# Task item:
A precise copy of the data is required, with every picture left out.
[Supplied information]
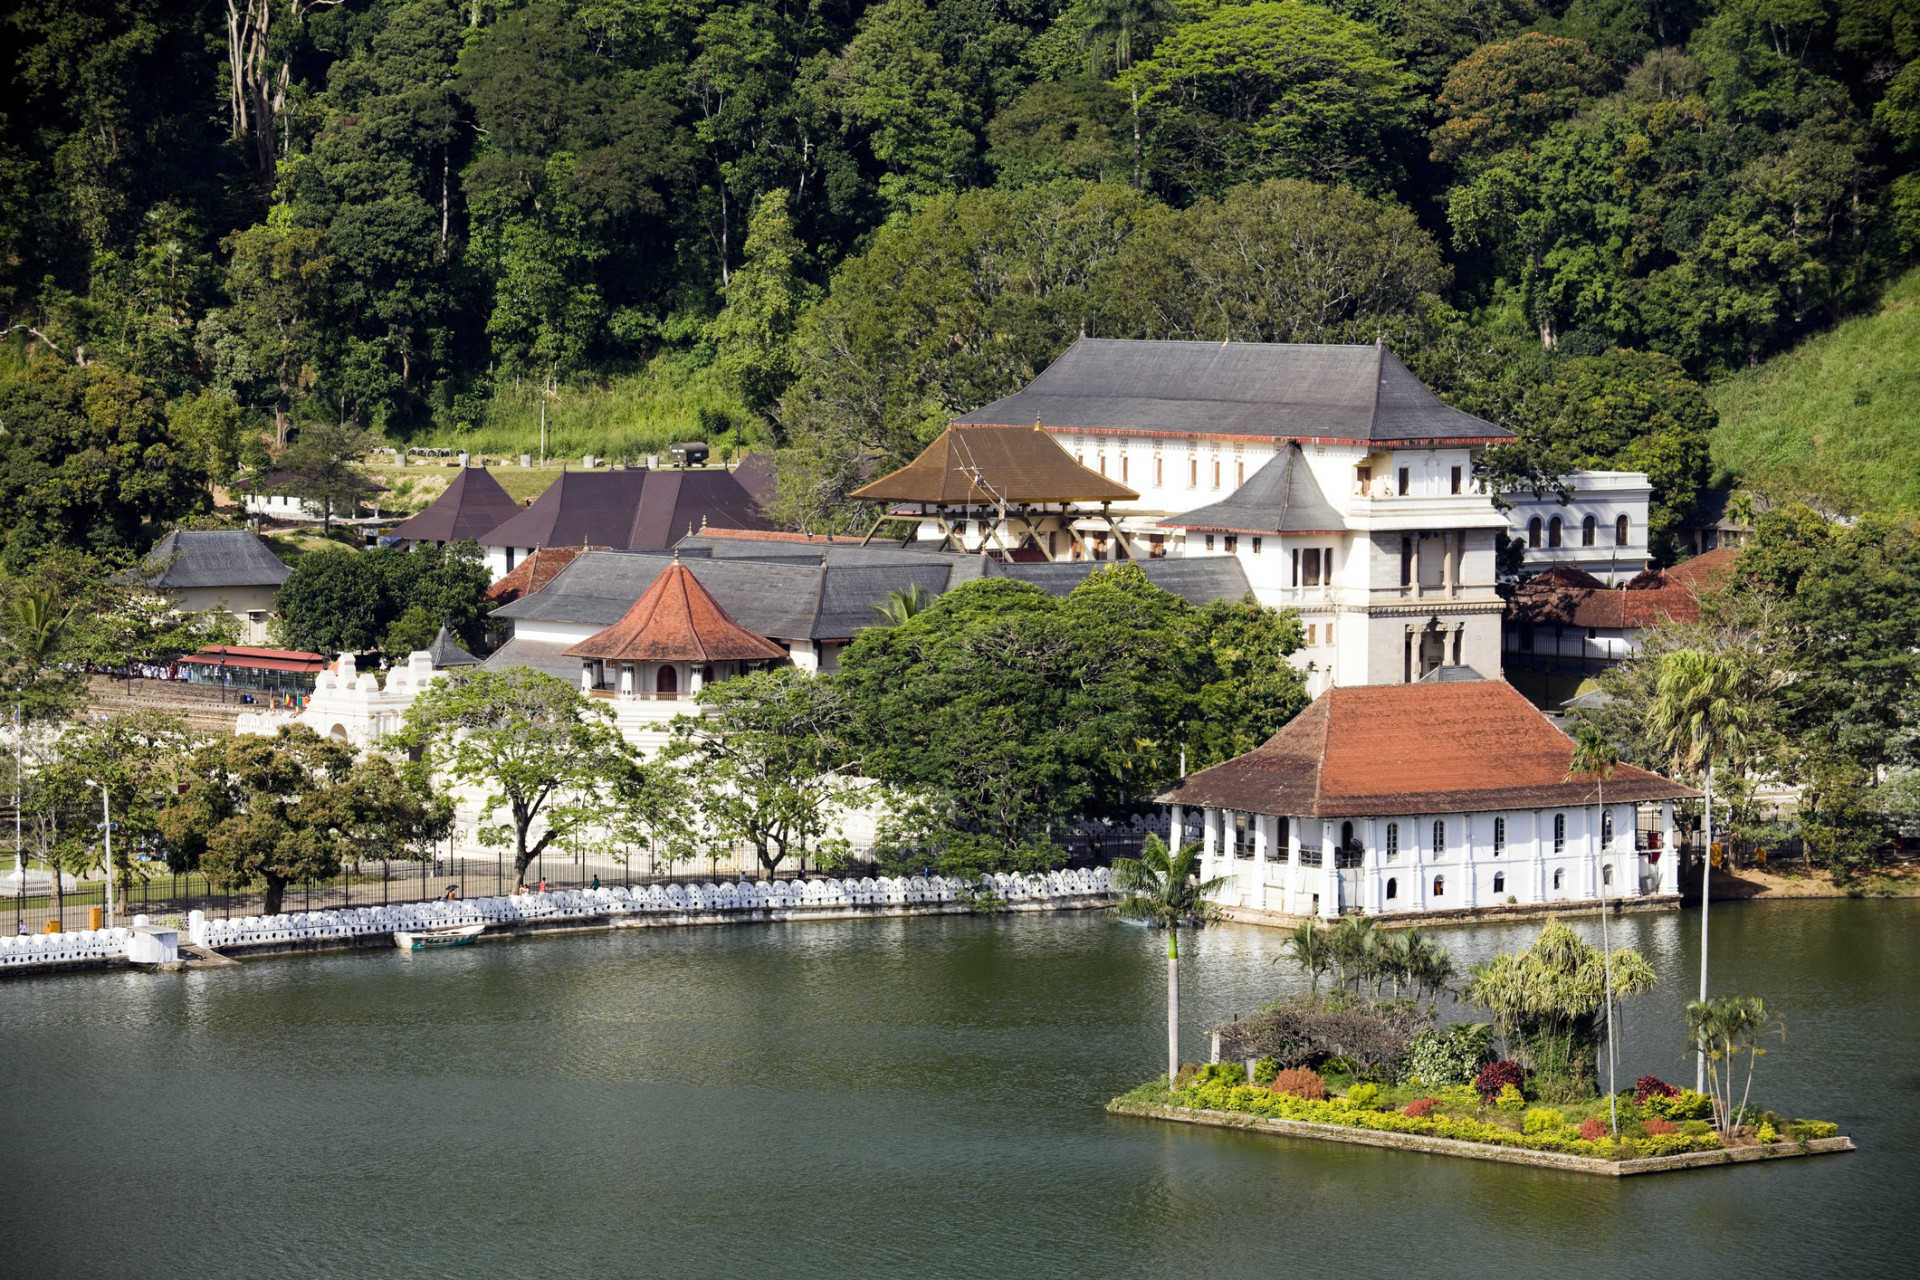 Located in Kandy's royal temple complex is the Temple of the Tooth, which houses the relic of the tooth of the Buddha. The temple is a UNESCO World Heritage Site.<p>You may also like:<a href="https://www.starsinsider.com/n/439582?utm_source=msn.com&utm_medium=display&utm_campaign=referral_description&utm_content=273472v10en-us"> The best advice from celebrity makeup artists</a></p>
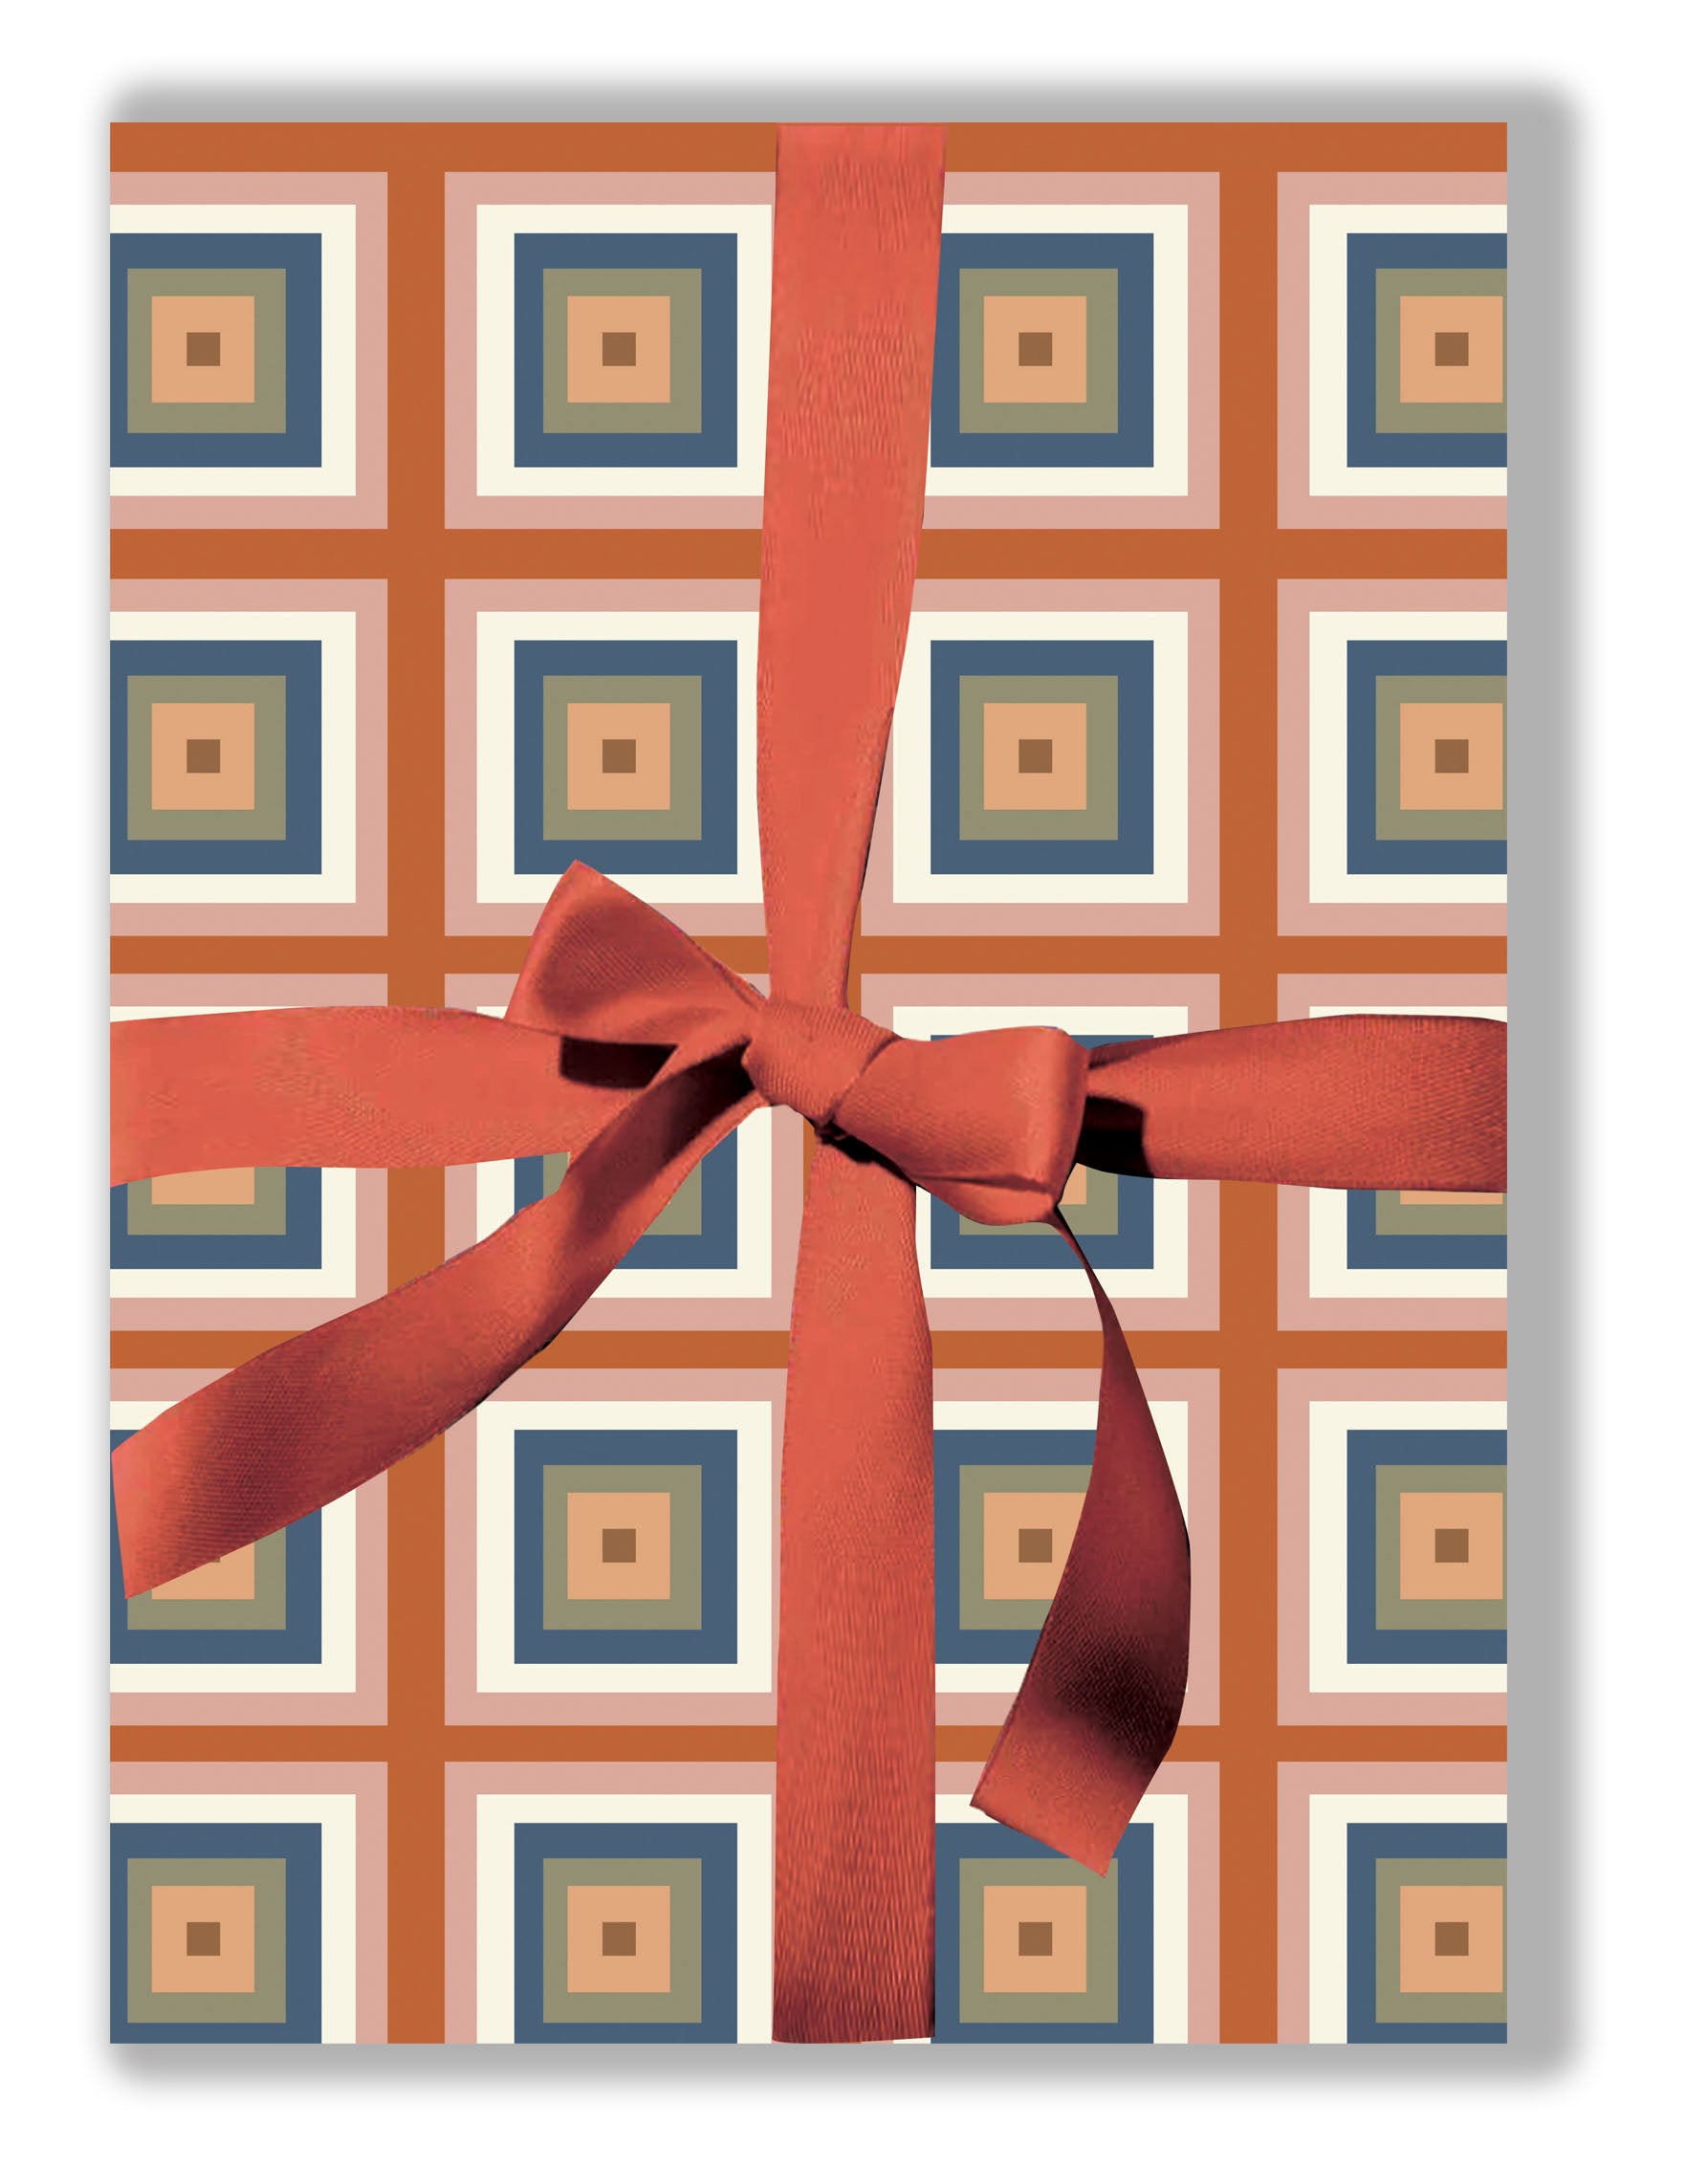 Squaresville wrapping paper
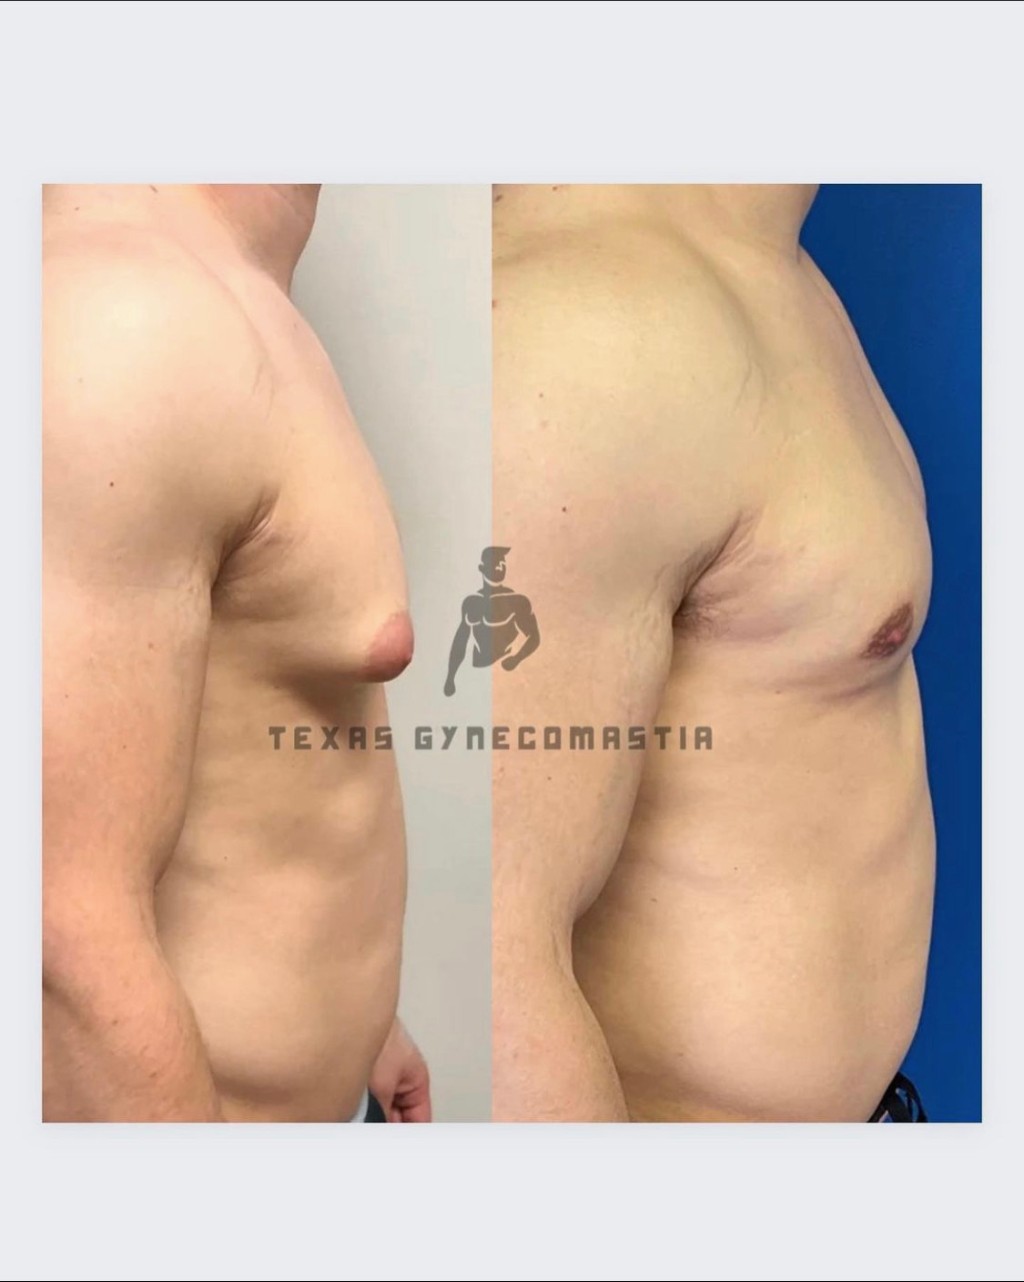 Gyno removal surgery by Dr. Azouz in Dallas, TX
[/Supplied information]
# Problem solution:
 Located in Kandy's royal temple complex is the Temple of the Tooth, which houses the relic of the tooth of the Buddha. The temple is a UNESCO World Heritage Site.<p>You may also like:<a href="https://www.starsinsider.com/n/439582?utm_source=msn.com&utm_medium=display&utm_campaign=referral_description&utm_content=273472v10en-us"> The best advice from celebrity makeup artists</a></p>
 Squaresville wrapping paper
 Gyno removal surgery by Dr. Azouz in Dallas, TX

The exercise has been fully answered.